The integer 1 can be divided into 10, 100 and 1000, which can be expressed in decimals.
One decimal place indicates a few tenths, two decimal places indicate a few percent, and three decimal places indicate a few thousandths.
Decimal system consists of integer part, decimal part and decimal part. The point in the number is called the decimal point, the number to the left of the decimal point is called the integer part, and the number to the right of the decimal point is called the decimal part.
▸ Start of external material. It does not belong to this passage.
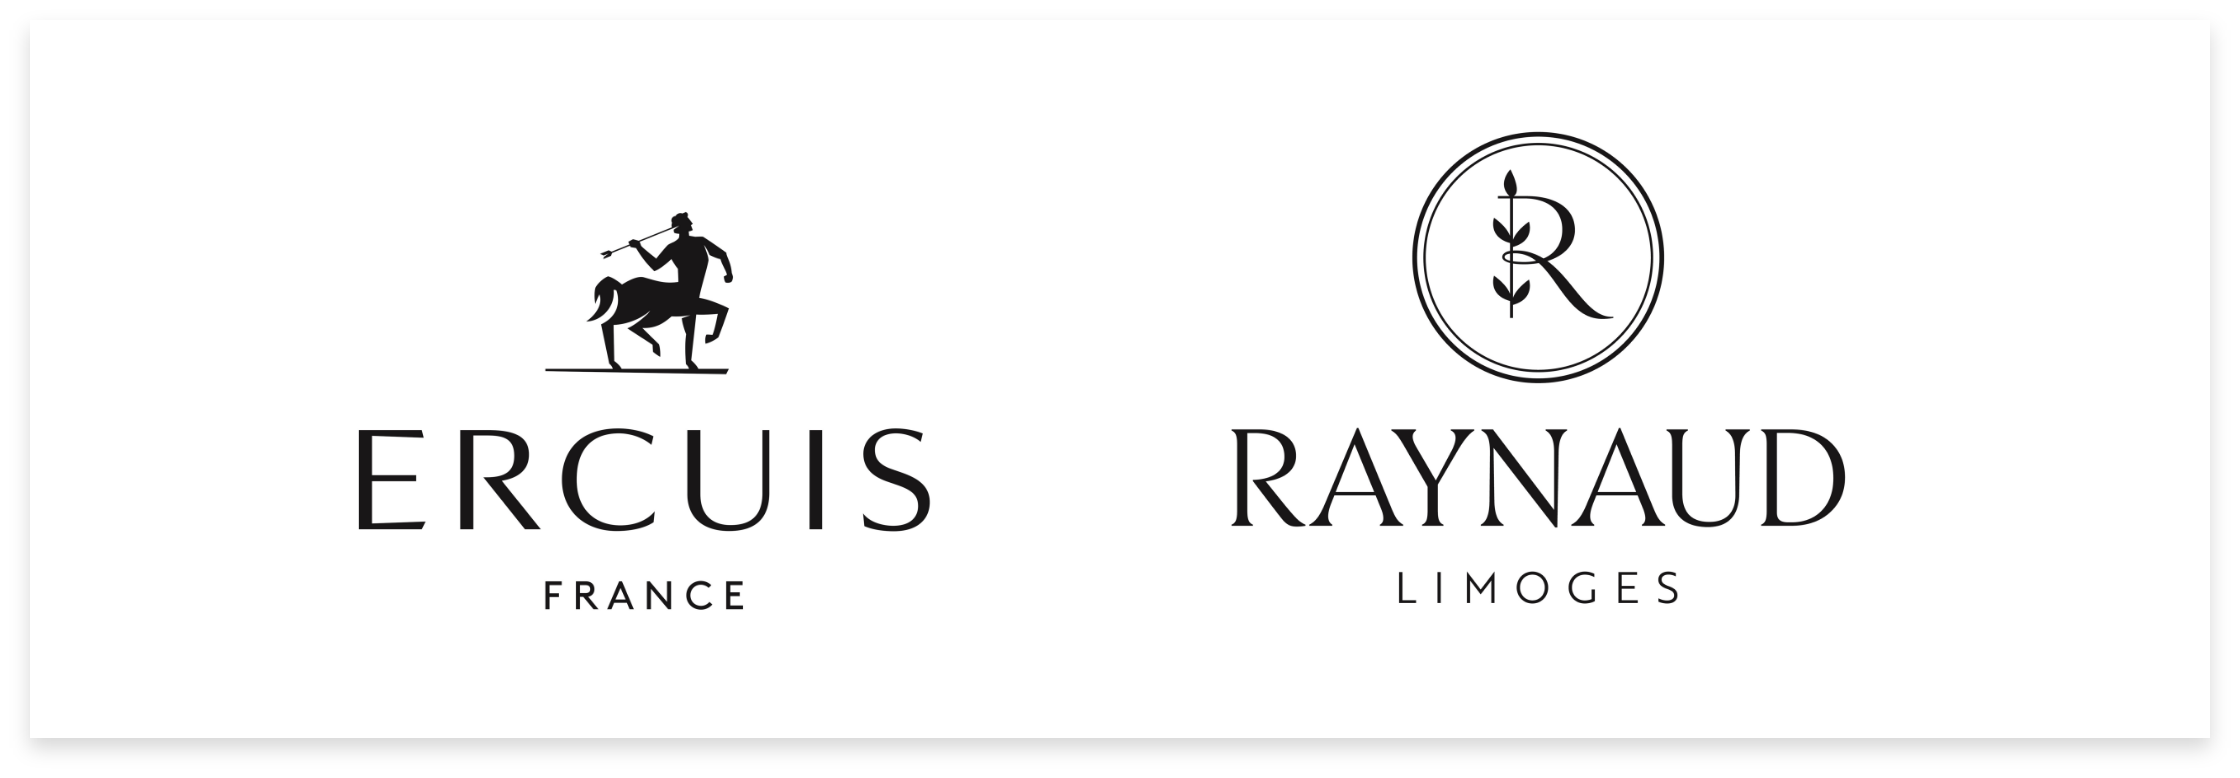 ERCUIS FRANCE RAYNAUD LIMOGES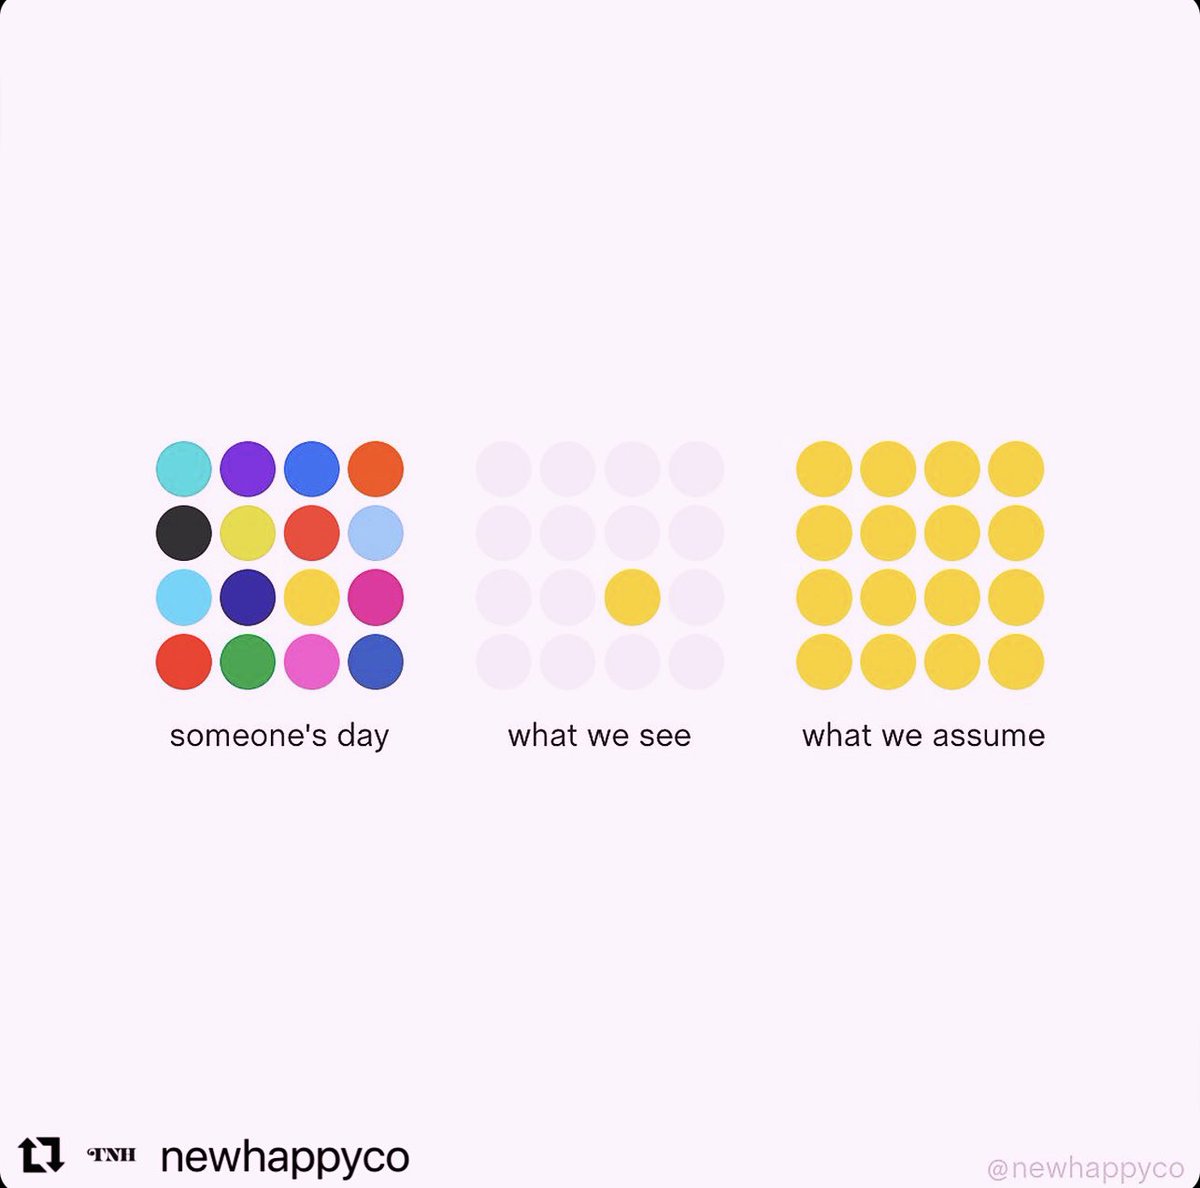 This is so true, we all do this sometimes. Useful food for thought about comparisons & assumptions. 👌🏻 Via: newhappyco on IG.

In decimals, the series between every two adjacent counting units is 10. The propulsion rate between the tenth of the highest decimal unit in the decimal part and the first of the lowest decimal unit in the integer part is also 10.
2. Classification of decimals
Pure decimals: Decimals with zero integer parts are called pure decimals. For example, 0.25 and 0.368 are pure decimals.
With decimals: decimals whose integer part is not zero are called with decimals. For example, 3.25 and 5.26 are all decimals.
Finite decimals: The digits in the decimal part are finite decimals, which are called finite decimals. For example, 4 1.7, 25.3 and 0.23 are all finite decimals.
Infinite decimal: The digits in the decimal part are infinite decimal, which is called infinite decimal. For example: 4.333. 14 15926.
Infinite acyclic decimal: the decimal part of a number with irregular arrangement and unlimited digits. Such decimals are called infinite cyclic decimals. For example:
Cyclic decimal: the decimal part of a number, in which one or several numbers appear repeatedly in turn, is called cyclic decimal. For example: 3.5550.012.109438+009.
The decimal part of cyclic decimal is called the cyclic part of cyclic decimal. For example, the cycle node of 3.99 is 9, and the cycle node of 0.5454 is 54.
Pure cyclic decimal: the cyclic segment starts from the first digit of the decimal part, which is called pure cyclic decimal. For example: 3.1110.5656
Mixed cycle decimal: the cycle section does not start from the first digit of the decimal part. This is called mixed cyclic decimal. 3. 12220.03333
When writing a cyclic decimal, for simplicity, the cyclic part of the decimal only needs one cyclic segment, and a dot is added to the first and last digits of this cyclic segment. If there is only one number in the circle, just click a point on it. For example: 3.777 short form 0.5302302 short form.
Summary of Mathematical Decimal Knowledge Points Part II Unit 1 Angle and Decimal
Unit knowledge point
1, combined with the specific situation of shopping, initially understand the meaning of decimals, and can recognize, read and write simple decimals.
2. By exploring the process of how to compare decimal sizes, we can compare decimal sizes according to the shopping situation.
3, can calculate the addition and subtraction of a decimal, and can solve some related simple problems. (closely related to elements, angles and minutes)
4. Be able to use decimals to express some things in daily life and communicate.
Buy stationery
1, initially understand the specific meaning of decimal system, understand the relationship between decimal system and the unit of actual quantity it represents, and know, read and write simple decimal system.
2. Compare these decimals with the numbers they have learned before, and let them find that all decimals have decimal points.
3. Pay attention to the special position of 0 in decimal.
Shop around; Shopping around
1. Master the method of comparing decimal sizes flexibly and compare decimal sizes independently.
2. Cultivate the awareness of estimation.
3. The consecutive zeros at the end of the decimal part can be removed.
Buy a book.
1, in the process of various algorithms, teachers should guide students to observe the * * * situation of different algorithms, that is, the numbers of the same unit (digits) can be added.
2. Master vertical decimal addition and subtraction.
3. Master the vertical format (decimal point alignment).
Send a book
1, using decimal knowledge to solve practical problems in life.
2. Correctly handle the arithmetic problems that need to be carried or abdicated in the process of decimal addition and subtraction.
3, flexible use of estimation knowledge, and can explain the estimation process.